381 c) hunt out the system limit of locks, if there is one,
382 and increase it. Figure on at least two locks per
383 simultaneous imapd process and four locks per Pine
384 process. Better yet, make the limit be 10 times the
385 maximum number of processes.
386 d) increase the socket buffer (-S switch to lockd) if
387 it is offered. I don't know what this actually does,
388 but giving lockd more resources to do its work can't
389 hurt. Maybe.
390 3) Decide that it can't possibly work, and turn off the
391 fcntl() calls in your program.
392 4) If nuking statd/lockd can be done without breaking local
393 locking, then do so. This would make SVR4 have the same
394 limitations as BSD locking, with a couple of additional
395 bugs.
396 5) Check for NFS, and don't do the fcntl() in the NFS case.
397 This is what c-client does.
399 Note that if you are going to use NFS to access files on a server
400 which does not have statd/lockd running, your only choice is (3), (4),
401 or (5).

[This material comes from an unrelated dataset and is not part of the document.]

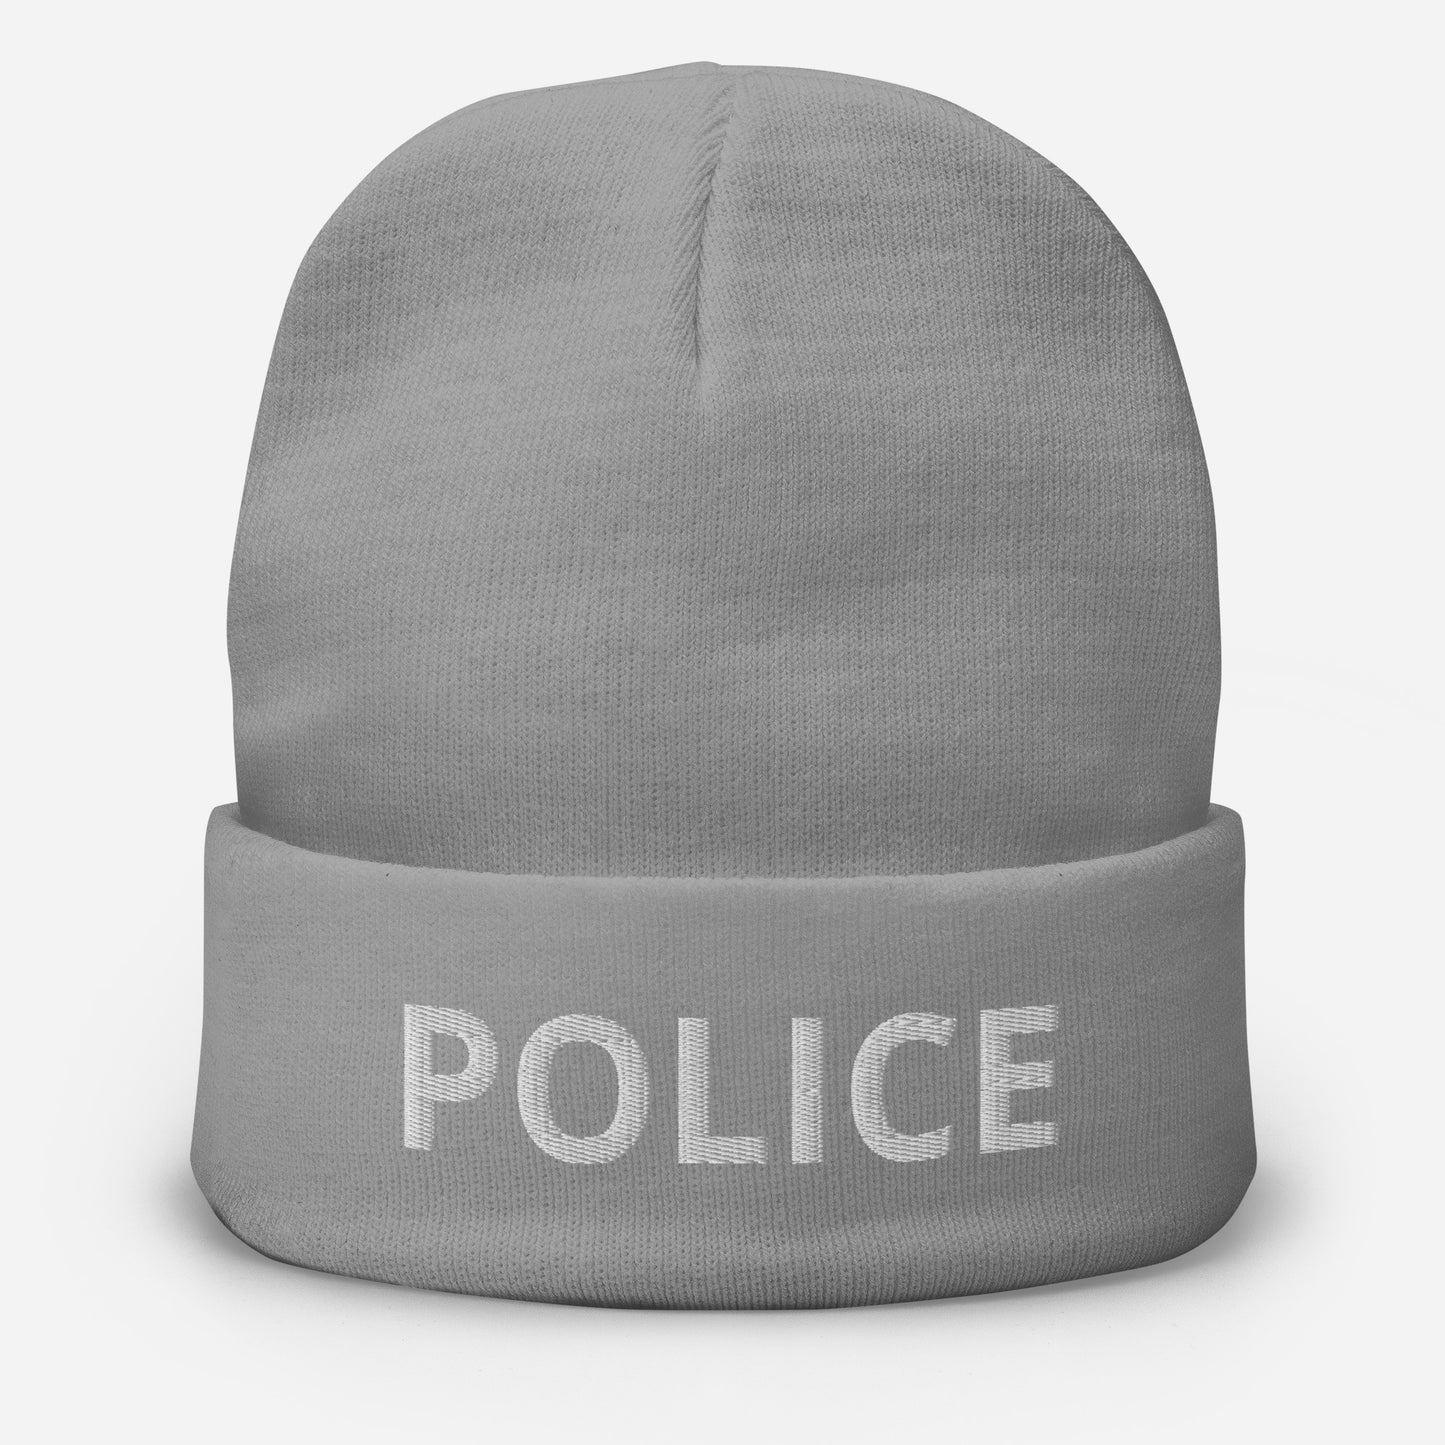 POLICE Embroidered Beanie

Here again, IMAP can bail you out.
403 These problems aren't unique to c-client applications; they have
404 also been reported with Elm, Mediamail, and other email tools.
406 Of the other two SVR4 locking bugs:
408 Programmer awareness is necessary to deal with the bug that you
409 can not get an exclusive lock unless the file is open for write. I
410 believe that c-client has fixed all of these cases.
412 The problem about opening a second designator smashing any
413 current locks on the file has not been addressed satisfactorily yet.
414 This is not an easy problem to deal with, especially in c-client which
415 really doesn't know what other files/streams may be open by Pine.
417 Aren't you so happy that you bought an System V system?